Report: Las Vegas one of the least affordable housing markets in the country
December 12, 2024 - 9:54 am
Updated December 12, 2024 - 10:50 am
Las Vegas is one of the least affordable cities in the country, according to a new report.
Las Vegas is the 11th least affordable city in the nation as only 18 percent of the homes on the market for sale are deemed affordable for a four-person household making the annual median income, according to the Urban Land Institute’s 2024 Home Attainability Index. The median income in Las Vegas is $70,723, according to the census.
This puts Las Vegas within the same territory as cities such as San Francisco, San Jose and Los Angeles, California; Honolulu and Stockton, California, which round out the top five least affordable cities in the country.
Las Vegas finds itself marred in a housing crisis as the valley’s housing market has become unaffordable for the majority of residents.
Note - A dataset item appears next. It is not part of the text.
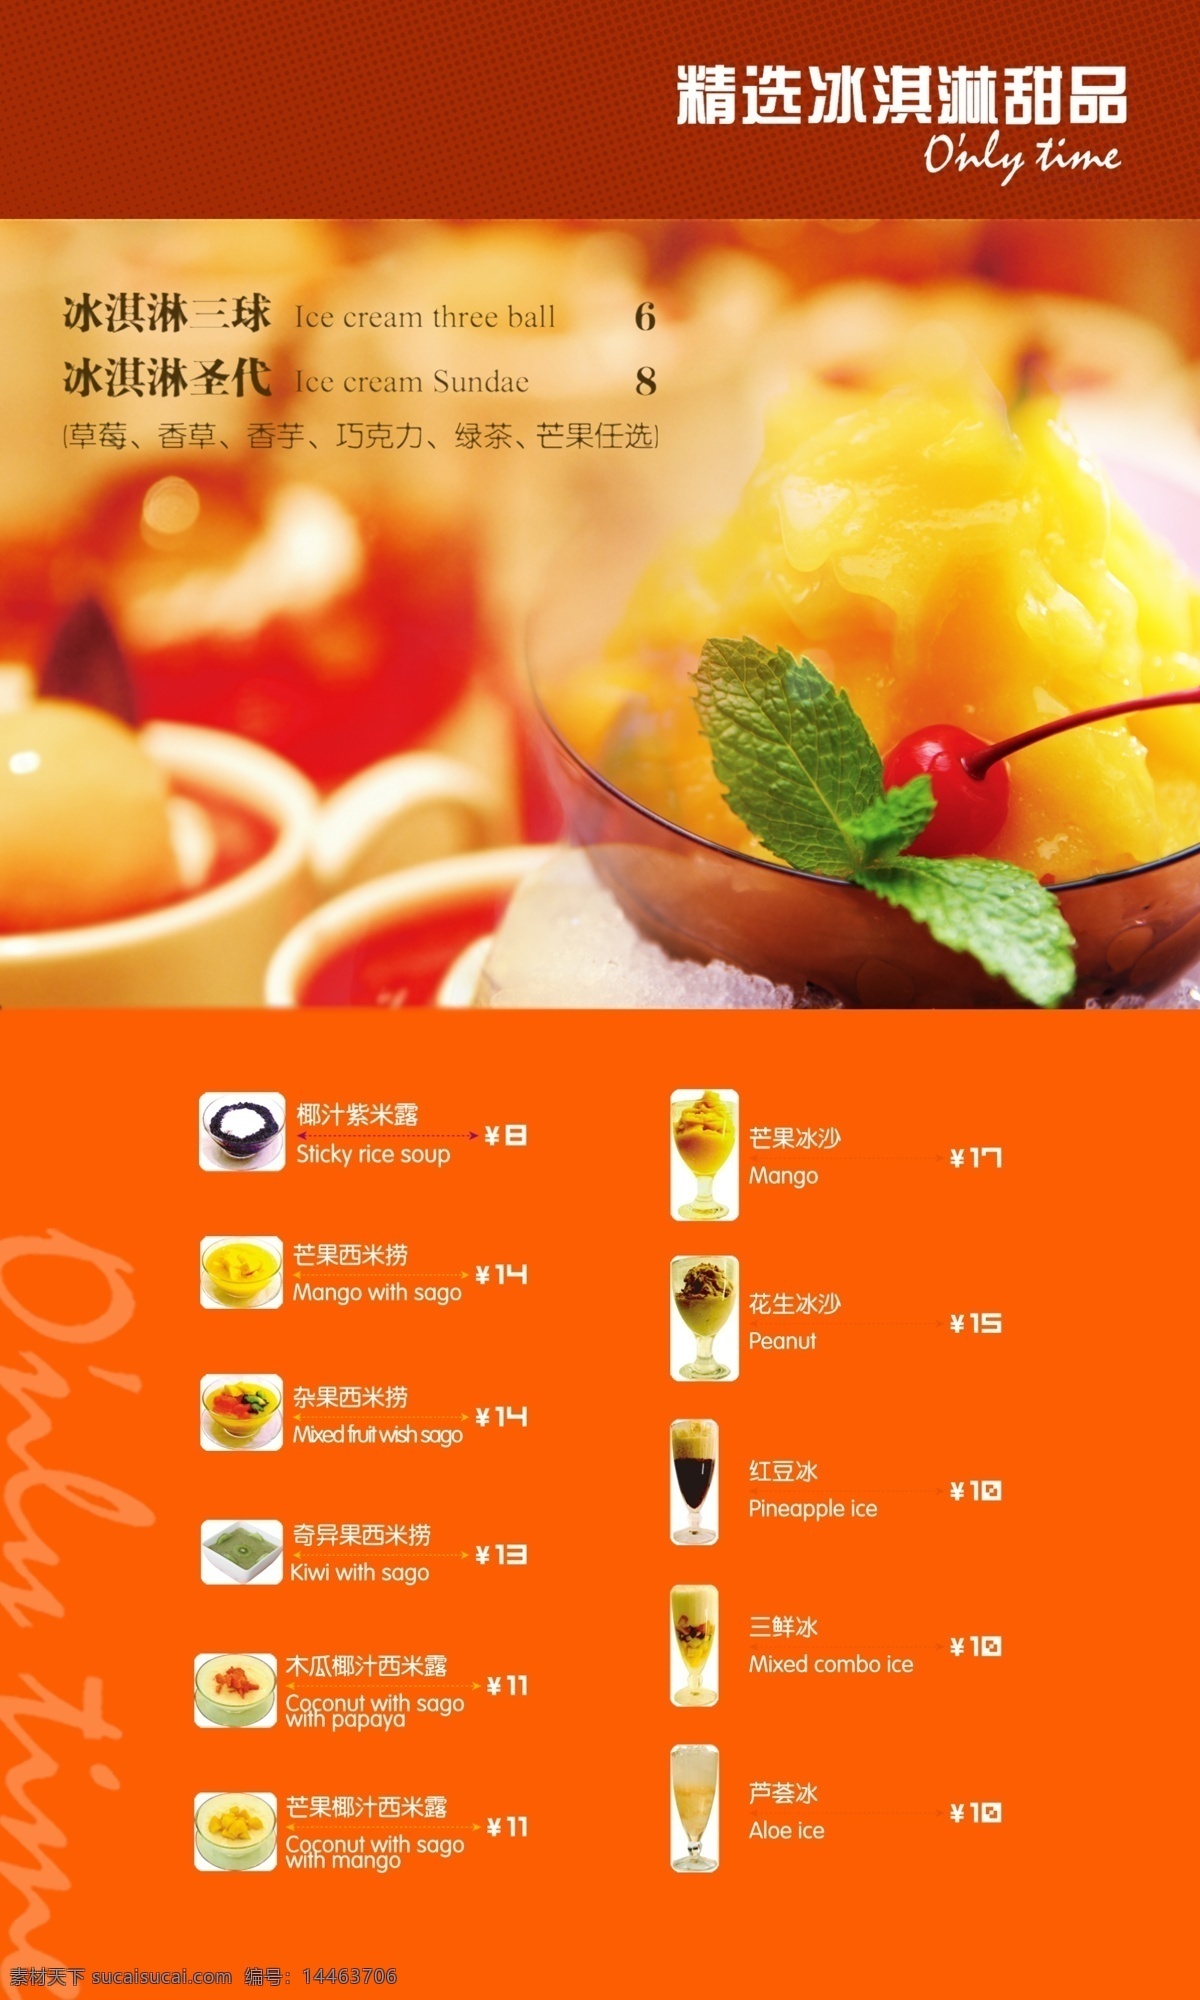 冷饮菜单 冷饮菜谱 海报宣传 冰淇淋菜单 茶饮菜单 夏日菜单素材 海报素材 橙色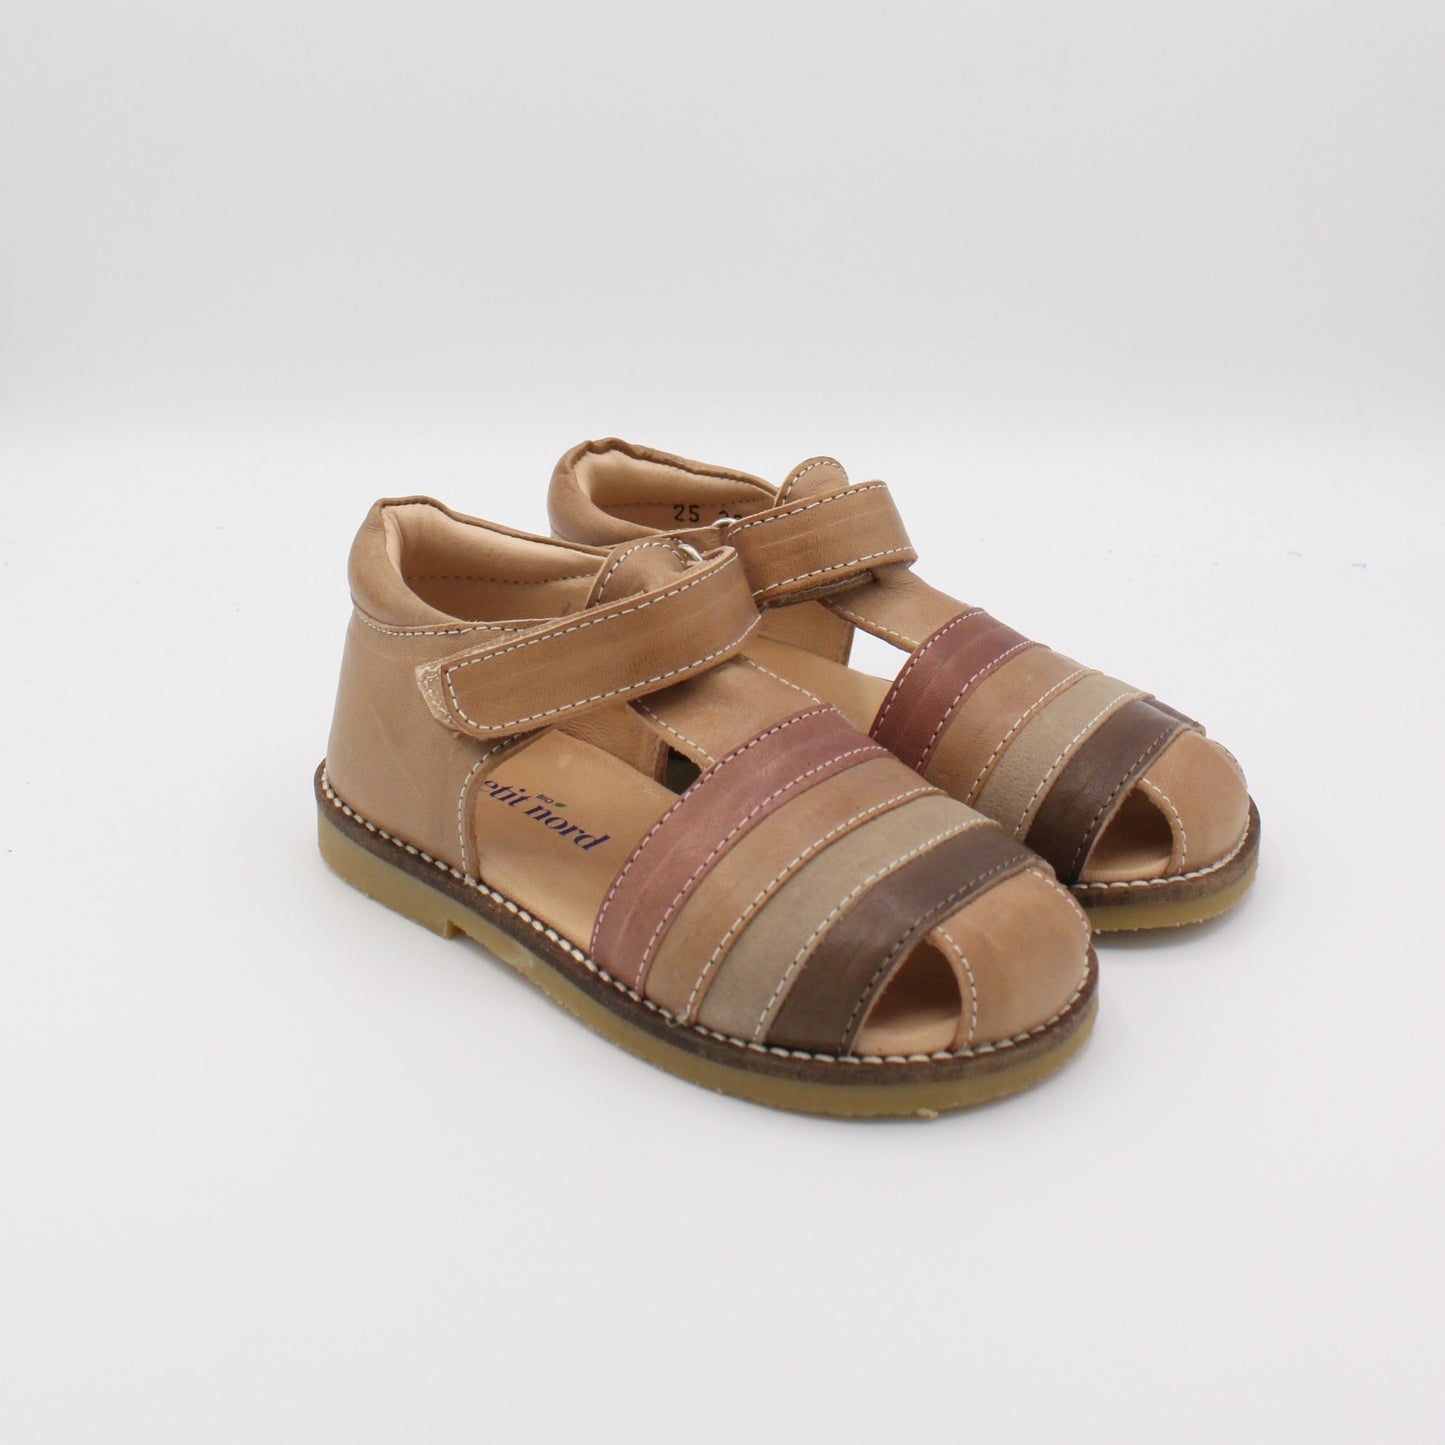 Pre-loved Sandals (EU25)

A number of factors have played into this including a lack of land to develop, high mortgage rates and home prices reaching close to record highs again.
Adam Ducker, chief executive officer for the RCLCO and one of the authors of the report, said there are multiple factors to take into consideration when looking at Las Vegas housing market, but there is one important aspect that should be at the top: under production of homes.
“We’re just not producing enough housing for the growth that we’re experiencing, which is true in most markets but particularly in high-growth markets including Las Vegas,” he said.
The ULI report also estimates that it would take a household with the average median income approximately 37.4 years to save up for a down payment on a house in the area.
Shortage of affordable housing
Another big issue compounding this affordability crisis is a shortage of affordable housing in the valley.
According to the National Low Income Housing Coalition, Nevada is short approximately 78,218 renter households for extremely low income people, a number that has been growing steadily since the start of the COVID-19 pandemic.
Rosemarie Hepner, vice president of the ULI Terwilliger Center for Housing and another author of the report, said getting money for affordable housing projects across the country is a “hodgepodge of funding” from federal, state and local levels which all have requirements, red tape and bureaucratic hurdles.
On top of this, said Hepner, are local residents who do not want affordable housing projects built in their neck of the woods.
“Everything has gotten more expensive, and where you have those magnet cities and higher attraction points, the land is really expensive but you also have highly energized communities that don’t want them to change,” she said. “There’s so many communities that are still not doing anything about it because they don’t want to see their communities change.”
Real estate analysts are somewhat optimistic a Trump administration will usher in a wave of deregulation that will kickstart more homebuilding. In a new report, Redfin expects more homes to be built across American next year than were built this year.
“Though it will take a few years for the increase in homebuilding to make buying a house significantly more affordable,” reads the report. “The Republican sweep of the White House, Senate and House has improved builder confidence by bringing renewed optimism that regulatory burdens may ease. Builders will also bank on the fact that the mortgage-rate lock-in effect will put a lid on the amount of existing inventory competing with new builds.”